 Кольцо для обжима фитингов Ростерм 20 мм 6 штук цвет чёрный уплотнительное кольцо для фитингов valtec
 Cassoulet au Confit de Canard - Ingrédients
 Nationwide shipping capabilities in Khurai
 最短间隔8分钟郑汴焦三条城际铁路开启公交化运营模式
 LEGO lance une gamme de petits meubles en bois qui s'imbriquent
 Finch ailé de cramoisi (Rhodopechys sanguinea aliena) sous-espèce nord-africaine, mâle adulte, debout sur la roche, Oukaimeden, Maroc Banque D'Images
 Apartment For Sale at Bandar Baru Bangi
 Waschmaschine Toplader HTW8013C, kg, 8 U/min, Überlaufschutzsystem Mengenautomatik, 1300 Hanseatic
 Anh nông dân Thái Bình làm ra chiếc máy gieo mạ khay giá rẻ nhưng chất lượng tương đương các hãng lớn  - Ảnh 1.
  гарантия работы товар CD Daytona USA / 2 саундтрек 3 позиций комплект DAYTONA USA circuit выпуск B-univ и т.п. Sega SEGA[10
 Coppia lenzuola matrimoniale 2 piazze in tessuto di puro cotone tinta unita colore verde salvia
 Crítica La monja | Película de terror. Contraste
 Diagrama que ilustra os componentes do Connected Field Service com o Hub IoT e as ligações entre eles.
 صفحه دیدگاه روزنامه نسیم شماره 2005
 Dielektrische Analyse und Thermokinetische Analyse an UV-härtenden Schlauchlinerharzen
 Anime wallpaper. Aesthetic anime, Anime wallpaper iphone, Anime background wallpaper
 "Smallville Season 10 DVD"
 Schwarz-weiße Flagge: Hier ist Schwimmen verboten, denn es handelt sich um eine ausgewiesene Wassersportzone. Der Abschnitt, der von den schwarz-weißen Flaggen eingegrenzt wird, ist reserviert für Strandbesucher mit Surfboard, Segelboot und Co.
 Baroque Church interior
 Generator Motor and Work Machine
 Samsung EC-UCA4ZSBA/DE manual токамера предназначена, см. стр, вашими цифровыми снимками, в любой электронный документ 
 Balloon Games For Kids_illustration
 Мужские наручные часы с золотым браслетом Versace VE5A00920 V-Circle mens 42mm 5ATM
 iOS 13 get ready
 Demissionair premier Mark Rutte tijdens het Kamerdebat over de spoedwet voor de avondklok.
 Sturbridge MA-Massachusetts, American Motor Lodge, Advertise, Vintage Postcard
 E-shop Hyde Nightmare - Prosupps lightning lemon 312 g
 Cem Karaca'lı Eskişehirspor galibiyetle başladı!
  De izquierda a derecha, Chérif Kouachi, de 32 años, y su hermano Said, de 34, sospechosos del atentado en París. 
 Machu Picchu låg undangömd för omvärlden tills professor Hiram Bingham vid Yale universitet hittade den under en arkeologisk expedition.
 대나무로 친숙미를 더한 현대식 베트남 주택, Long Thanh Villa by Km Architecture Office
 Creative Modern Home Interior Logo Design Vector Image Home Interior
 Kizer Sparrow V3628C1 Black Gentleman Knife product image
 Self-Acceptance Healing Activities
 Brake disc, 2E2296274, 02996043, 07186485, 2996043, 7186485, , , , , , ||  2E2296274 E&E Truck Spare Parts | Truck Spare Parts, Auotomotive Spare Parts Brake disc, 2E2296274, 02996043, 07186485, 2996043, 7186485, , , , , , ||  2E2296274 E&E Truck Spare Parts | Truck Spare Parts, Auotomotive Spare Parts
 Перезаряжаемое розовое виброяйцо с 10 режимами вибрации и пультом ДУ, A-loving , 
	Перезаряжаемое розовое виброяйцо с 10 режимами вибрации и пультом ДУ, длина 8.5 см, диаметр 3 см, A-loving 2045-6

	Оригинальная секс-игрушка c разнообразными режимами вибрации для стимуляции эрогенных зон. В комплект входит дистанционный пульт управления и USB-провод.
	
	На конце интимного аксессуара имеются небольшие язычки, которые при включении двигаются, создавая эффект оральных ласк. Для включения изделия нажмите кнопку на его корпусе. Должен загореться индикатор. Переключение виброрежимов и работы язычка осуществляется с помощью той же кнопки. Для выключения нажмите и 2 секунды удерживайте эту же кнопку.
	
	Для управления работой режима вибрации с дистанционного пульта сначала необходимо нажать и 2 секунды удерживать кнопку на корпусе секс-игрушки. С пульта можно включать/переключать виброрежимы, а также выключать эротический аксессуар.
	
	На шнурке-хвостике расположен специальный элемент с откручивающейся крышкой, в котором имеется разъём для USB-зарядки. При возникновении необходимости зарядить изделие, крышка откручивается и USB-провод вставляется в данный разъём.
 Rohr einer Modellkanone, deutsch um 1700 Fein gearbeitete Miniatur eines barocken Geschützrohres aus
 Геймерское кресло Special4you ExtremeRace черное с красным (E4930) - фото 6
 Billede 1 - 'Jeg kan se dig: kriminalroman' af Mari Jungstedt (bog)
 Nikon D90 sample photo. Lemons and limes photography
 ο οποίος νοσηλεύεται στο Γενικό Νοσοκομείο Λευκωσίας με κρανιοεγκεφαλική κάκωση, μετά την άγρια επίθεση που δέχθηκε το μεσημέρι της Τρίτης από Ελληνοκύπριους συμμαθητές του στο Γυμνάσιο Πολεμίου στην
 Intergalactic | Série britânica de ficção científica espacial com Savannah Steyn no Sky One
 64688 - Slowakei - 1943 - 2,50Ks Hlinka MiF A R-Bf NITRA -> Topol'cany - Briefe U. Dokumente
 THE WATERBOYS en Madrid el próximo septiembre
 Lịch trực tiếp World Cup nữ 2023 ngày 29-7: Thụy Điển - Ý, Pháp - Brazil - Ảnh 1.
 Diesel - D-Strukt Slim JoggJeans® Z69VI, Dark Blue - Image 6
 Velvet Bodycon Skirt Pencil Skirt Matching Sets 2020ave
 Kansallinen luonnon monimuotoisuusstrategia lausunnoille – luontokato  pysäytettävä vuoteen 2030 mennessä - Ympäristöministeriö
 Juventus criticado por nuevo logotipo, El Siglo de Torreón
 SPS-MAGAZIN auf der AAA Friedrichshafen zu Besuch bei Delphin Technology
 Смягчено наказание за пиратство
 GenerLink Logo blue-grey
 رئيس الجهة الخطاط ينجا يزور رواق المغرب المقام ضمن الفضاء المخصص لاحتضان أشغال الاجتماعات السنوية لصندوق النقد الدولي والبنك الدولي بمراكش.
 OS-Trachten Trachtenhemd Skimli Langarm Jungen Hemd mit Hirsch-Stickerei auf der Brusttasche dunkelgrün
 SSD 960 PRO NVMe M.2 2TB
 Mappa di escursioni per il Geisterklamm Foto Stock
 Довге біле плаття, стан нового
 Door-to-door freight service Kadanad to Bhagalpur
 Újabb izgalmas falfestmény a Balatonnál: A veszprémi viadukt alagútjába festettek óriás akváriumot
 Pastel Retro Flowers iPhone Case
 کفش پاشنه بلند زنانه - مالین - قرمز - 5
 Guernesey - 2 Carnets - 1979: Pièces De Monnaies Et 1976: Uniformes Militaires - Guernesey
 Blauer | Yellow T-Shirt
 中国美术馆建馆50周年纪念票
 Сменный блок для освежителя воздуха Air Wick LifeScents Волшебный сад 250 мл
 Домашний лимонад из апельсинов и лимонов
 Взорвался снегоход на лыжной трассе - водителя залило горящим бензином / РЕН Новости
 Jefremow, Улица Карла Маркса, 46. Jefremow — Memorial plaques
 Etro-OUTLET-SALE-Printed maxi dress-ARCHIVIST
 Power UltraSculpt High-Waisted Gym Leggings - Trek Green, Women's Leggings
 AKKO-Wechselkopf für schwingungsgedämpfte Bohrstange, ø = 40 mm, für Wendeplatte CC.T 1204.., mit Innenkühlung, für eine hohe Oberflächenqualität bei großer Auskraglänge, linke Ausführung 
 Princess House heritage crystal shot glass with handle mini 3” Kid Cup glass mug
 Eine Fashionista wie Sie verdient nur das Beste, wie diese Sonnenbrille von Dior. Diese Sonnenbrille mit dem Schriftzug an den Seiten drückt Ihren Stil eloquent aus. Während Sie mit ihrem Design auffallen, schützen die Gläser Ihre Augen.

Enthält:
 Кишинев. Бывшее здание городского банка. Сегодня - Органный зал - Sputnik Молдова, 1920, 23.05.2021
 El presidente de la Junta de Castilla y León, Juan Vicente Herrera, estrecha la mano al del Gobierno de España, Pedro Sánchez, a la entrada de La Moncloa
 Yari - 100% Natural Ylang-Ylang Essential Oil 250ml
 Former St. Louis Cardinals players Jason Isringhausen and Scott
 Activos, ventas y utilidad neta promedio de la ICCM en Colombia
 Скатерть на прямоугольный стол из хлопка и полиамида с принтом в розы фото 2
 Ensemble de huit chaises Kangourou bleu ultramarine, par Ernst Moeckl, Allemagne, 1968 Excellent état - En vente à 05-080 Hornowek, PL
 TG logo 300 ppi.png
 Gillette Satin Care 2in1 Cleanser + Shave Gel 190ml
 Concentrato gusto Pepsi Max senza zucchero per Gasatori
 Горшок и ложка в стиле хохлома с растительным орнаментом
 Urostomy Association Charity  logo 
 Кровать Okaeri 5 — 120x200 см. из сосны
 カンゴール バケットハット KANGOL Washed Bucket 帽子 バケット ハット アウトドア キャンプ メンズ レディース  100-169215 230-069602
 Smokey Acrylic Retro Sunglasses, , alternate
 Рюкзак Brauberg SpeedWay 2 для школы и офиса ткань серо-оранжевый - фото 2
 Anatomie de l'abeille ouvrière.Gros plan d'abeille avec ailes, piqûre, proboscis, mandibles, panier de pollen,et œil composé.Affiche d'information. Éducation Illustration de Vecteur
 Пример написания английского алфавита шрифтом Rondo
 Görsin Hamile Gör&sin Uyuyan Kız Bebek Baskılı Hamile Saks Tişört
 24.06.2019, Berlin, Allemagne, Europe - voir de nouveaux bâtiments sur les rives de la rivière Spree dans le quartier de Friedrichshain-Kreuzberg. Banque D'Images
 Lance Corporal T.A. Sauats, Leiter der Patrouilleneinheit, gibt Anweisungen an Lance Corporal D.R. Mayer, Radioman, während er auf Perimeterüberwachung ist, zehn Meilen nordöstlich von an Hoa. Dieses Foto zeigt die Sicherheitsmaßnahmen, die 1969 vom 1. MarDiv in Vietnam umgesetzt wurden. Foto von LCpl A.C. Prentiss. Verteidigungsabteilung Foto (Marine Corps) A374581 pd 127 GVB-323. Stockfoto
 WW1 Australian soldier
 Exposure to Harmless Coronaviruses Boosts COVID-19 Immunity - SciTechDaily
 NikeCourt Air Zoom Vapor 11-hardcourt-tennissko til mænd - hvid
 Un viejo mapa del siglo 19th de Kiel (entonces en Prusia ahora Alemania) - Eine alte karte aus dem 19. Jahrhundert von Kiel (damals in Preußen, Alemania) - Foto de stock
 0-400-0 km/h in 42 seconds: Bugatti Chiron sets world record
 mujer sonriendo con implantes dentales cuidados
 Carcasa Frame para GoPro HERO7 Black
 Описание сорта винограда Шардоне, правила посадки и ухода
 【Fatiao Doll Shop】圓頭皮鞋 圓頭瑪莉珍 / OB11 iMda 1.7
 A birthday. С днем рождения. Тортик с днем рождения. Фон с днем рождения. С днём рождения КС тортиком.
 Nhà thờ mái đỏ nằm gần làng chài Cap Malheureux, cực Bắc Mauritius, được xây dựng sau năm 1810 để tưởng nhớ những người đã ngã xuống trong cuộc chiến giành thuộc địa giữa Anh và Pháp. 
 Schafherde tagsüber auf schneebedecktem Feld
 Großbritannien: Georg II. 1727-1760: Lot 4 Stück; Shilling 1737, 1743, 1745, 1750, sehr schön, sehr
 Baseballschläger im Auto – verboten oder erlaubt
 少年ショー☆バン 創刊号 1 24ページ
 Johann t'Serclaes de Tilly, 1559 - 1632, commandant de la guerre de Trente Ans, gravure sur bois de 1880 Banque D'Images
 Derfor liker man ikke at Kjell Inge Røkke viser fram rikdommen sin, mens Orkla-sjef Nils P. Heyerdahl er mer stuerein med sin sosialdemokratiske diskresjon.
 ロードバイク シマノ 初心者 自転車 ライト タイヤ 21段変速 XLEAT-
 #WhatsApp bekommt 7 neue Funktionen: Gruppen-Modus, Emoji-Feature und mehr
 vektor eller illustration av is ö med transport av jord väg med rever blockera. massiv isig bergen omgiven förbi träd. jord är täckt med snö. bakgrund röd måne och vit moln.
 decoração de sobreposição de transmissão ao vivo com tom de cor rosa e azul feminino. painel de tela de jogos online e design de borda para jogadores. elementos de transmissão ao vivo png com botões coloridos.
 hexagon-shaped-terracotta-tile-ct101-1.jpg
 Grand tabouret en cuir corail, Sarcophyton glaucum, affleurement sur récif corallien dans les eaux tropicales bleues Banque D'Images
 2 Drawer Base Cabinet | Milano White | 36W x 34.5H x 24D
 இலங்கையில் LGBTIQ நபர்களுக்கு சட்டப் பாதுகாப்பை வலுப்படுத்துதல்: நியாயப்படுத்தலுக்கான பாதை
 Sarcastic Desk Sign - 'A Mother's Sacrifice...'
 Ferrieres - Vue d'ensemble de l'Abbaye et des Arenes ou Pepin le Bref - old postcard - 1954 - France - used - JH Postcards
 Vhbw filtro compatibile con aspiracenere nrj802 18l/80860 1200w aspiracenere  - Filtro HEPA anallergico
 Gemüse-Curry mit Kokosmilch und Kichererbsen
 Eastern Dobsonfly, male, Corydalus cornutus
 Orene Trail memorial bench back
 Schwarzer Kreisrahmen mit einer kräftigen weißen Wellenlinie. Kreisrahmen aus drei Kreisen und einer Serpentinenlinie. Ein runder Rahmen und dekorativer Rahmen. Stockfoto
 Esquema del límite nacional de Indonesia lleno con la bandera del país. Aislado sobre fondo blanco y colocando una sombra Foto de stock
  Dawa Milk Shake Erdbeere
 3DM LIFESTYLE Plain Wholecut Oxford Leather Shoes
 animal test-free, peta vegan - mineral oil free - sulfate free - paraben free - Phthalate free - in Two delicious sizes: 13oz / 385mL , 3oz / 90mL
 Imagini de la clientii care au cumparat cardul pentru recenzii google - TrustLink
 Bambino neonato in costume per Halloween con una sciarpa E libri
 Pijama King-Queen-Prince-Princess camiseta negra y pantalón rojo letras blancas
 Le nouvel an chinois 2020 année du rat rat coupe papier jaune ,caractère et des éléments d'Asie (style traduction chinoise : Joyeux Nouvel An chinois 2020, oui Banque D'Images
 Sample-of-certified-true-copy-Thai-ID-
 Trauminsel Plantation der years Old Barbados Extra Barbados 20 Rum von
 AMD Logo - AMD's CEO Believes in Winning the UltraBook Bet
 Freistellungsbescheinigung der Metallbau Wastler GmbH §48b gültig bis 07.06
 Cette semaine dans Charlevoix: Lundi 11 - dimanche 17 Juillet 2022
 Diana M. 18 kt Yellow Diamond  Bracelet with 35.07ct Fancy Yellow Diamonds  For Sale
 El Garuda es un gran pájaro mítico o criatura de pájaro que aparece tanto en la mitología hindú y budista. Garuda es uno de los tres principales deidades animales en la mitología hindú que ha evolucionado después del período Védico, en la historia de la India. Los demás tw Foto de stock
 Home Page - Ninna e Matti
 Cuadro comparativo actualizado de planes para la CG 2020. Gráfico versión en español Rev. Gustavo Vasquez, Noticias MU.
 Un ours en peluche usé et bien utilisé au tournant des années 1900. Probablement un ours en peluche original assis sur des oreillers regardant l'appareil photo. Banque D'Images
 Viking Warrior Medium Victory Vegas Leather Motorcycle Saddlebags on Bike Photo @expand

^^^^^^^^^^^^^^^^

→ Action item: Please restate only the opening stretch of the records above: every line from the first through the one containing "Demissionair premier Mark", exactly as written.

→ Finished task:
 Кольцо для обжима фитингов Ростерм 20 мм 6 штук цвет чёрный уплотнительное кольцо для фитингов valtec
 Cassoulet au Confit de Canard - Ingrédients
 Nationwide shipping capabilities in Khurai
 最短间隔8分钟郑汴焦三条城际铁路开启公交化运营模式
 LEGO lance une gamme de petits meubles en bois qui s'imbriquent
 Finch ailé de cramoisi (Rhodopechys sanguinea aliena) sous-espèce nord-africaine, mâle adulte, debout sur la roche, Oukaimeden, Maroc Banque D'Images
 Apartment For Sale at Bandar Baru Bangi
 Waschmaschine Toplader HTW8013C, kg, 8 U/min, Überlaufschutzsystem Mengenautomatik, 1300 Hanseatic
 Anh nông dân Thái Bình làm ra chiếc máy gieo mạ khay giá rẻ nhưng chất lượng tương đương các hãng lớn  - Ảnh 1.
  гарантия работы товар CD Daytona USA / 2 саундтрек 3 позиций комплект DAYTONA USA circuit выпуск B-univ и т.п. Sega SEGA[10
 Coppia lenzuola matrimoniale 2 piazze in tessuto di puro cotone tinta unita colore verde salvia
 Crítica La monja | Película de terror. Contraste
 Diagrama que ilustra os componentes do Connected Field Service com o Hub IoT e as ligações entre eles.
 صفحه دیدگاه روزنامه نسیم شماره 2005
 Dielektrische Analyse und Thermokinetische Analyse an UV-härtenden Schlauchlinerharzen
 Anime wallpaper. Aesthetic anime, Anime wallpaper iphone, Anime background wallpaper
 "Smallville Season 10 DVD"
 Schwarz-weiße Flagge: Hier ist Schwimmen verboten, denn es handelt sich um eine ausgewiesene Wassersportzone. Der Abschnitt, der von den schwarz-weißen Flaggen eingegrenzt wird, ist reserviert für Strandbesucher mit Surfboard, Segelboot und Co.
 Baroque Church interior
 Generator Motor and Work Machine
 Samsung EC-UCA4ZSBA/DE manual токамера предназначена, см. стр, вашими цифровыми снимками, в любой электронный документ 
 Balloon Games For Kids_illustration
 Мужские наручные часы с золотым браслетом Versace VE5A00920 V-Circle mens 42mm 5ATM
 iOS 13 get ready
 Demissionair premier Mark Rutte tijdens het Kamerdebat over de spoedwet voor de avondklok.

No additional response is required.